[[ Supplied data open ]]

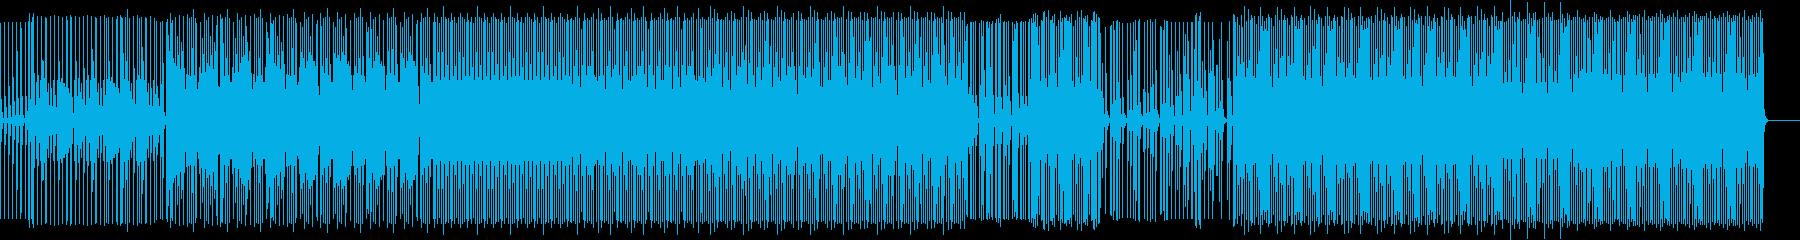 プロモーション動画向けシンプルエレクトロの再生済みの波形
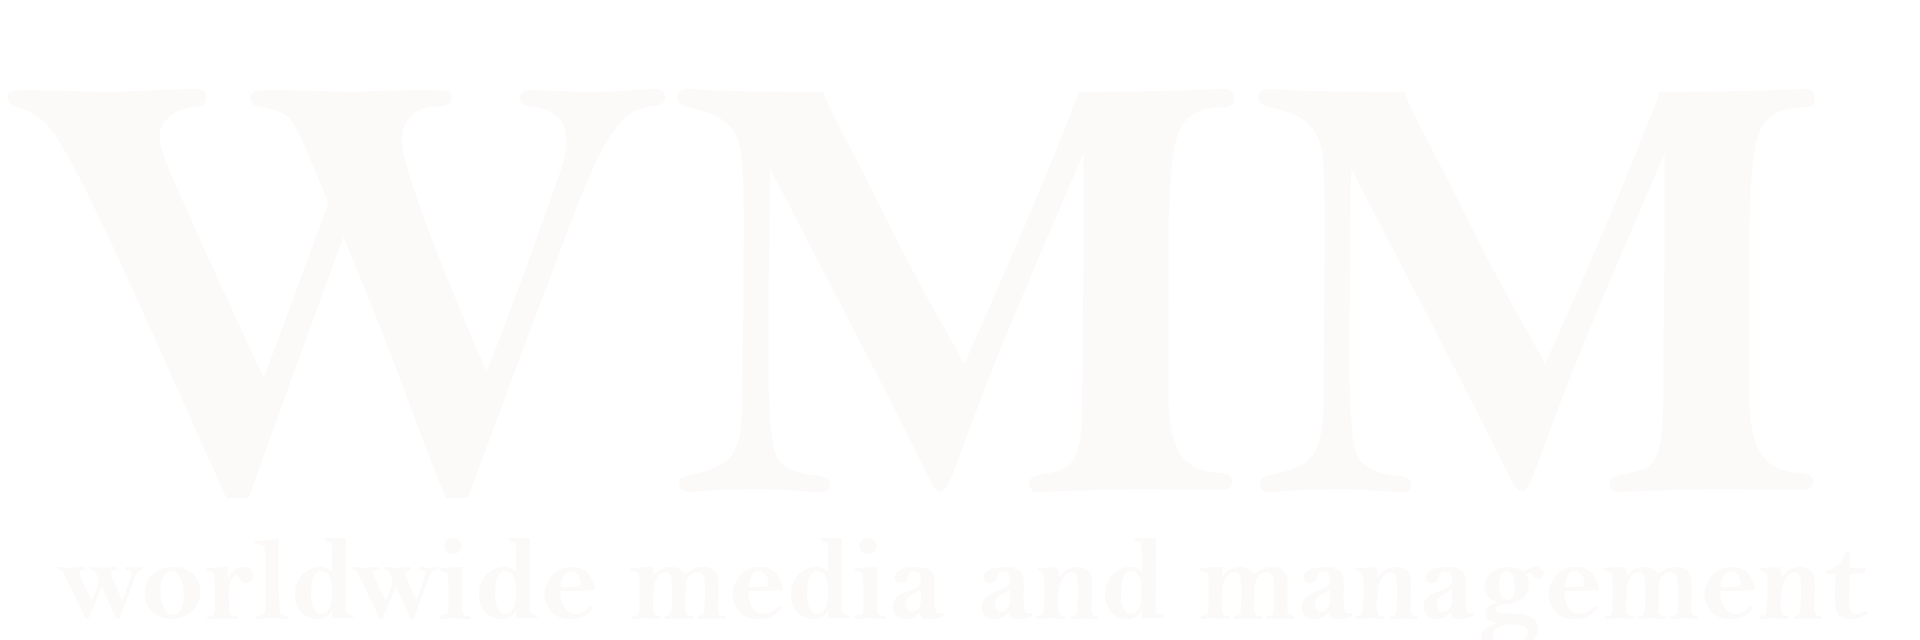 WMM Models
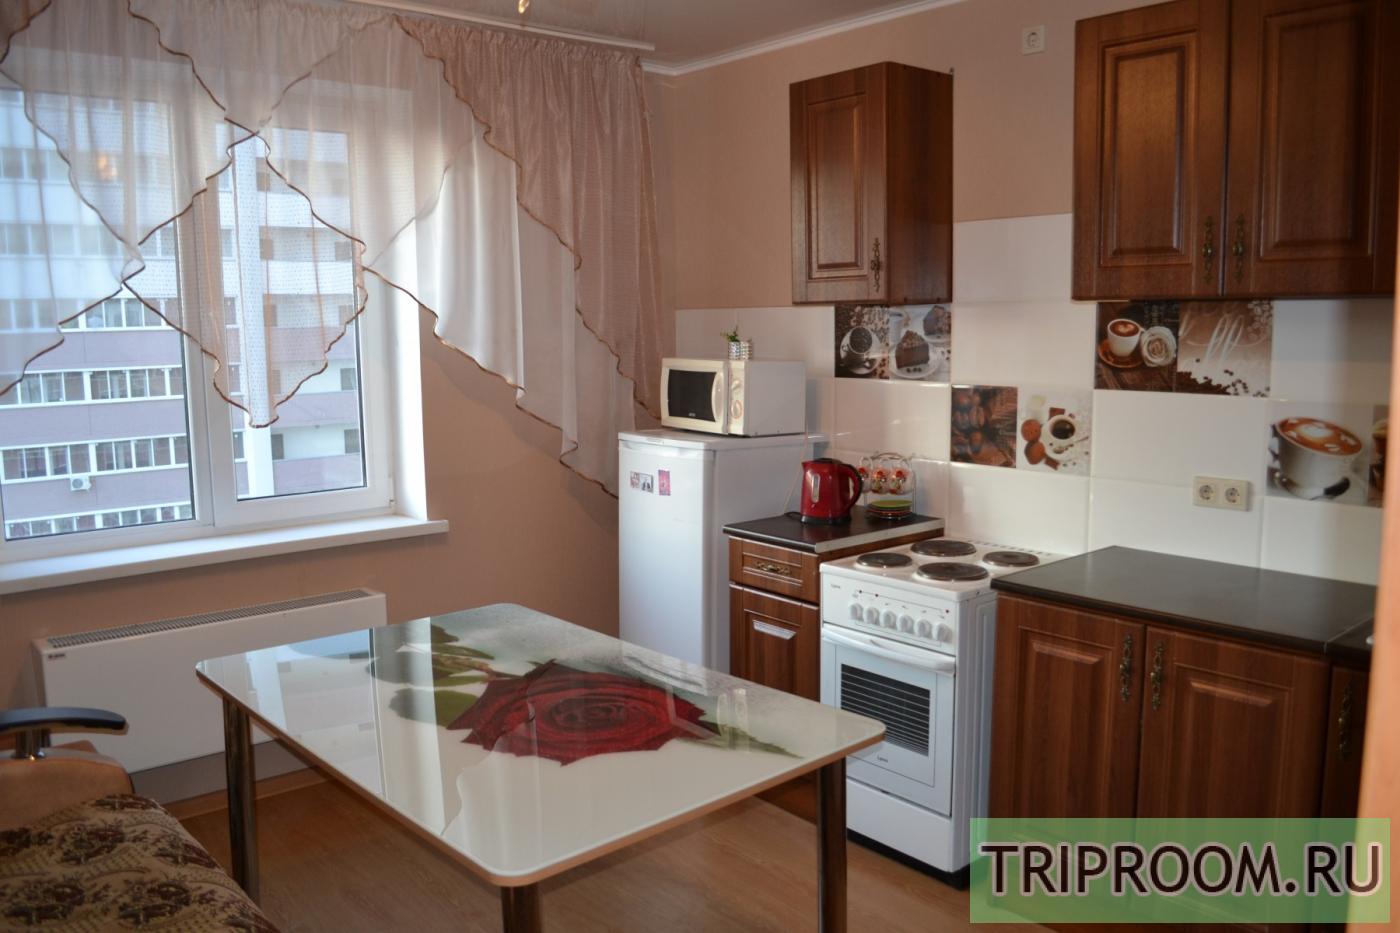 2-комнатная квартира посуточно (вариант № 36246), ул. Олимпийский бульвар, фото № 2
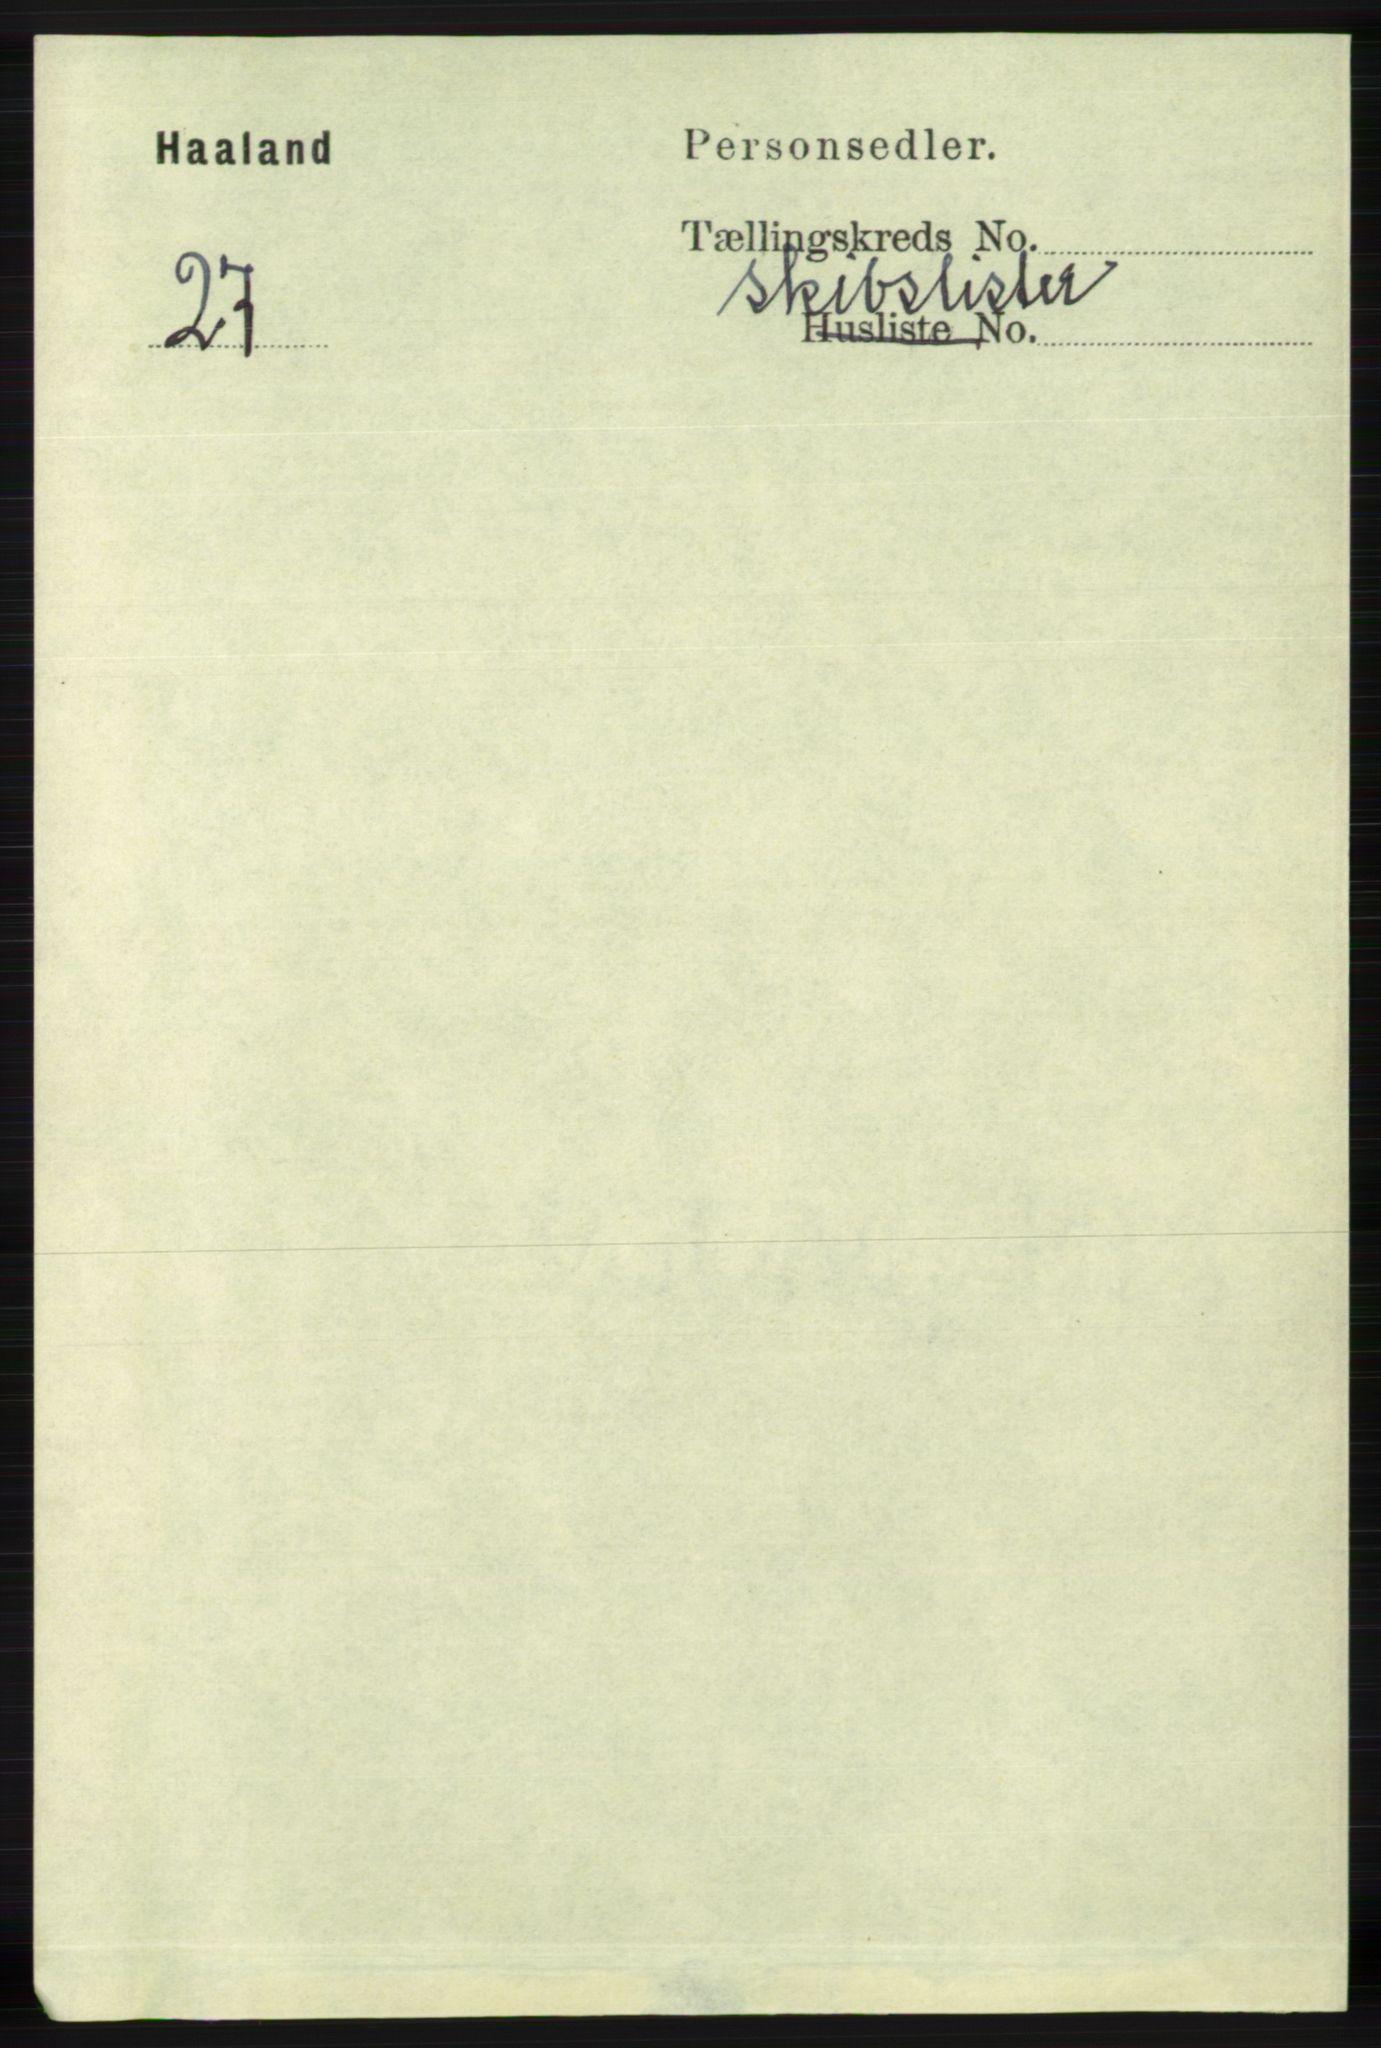 RA, Folketelling 1891 for 1124 Haaland herred, 1891, s. 4085

[[ Supplied data closed ]]

- Exercise goal -
Transcribe all the lines above exactly; any image among them is skipped.

- Result of this exercise -
 プロモーション動画向けシンプルエレクトロの再生済みの波形
 WMM Models
 2-комнатная квартира посуточно (вариант № 36246), ул. Олимпийский бульвар, фото № 2
 RA, Folketelling 1891 for 1124 Haaland herred, 1891, s. 4085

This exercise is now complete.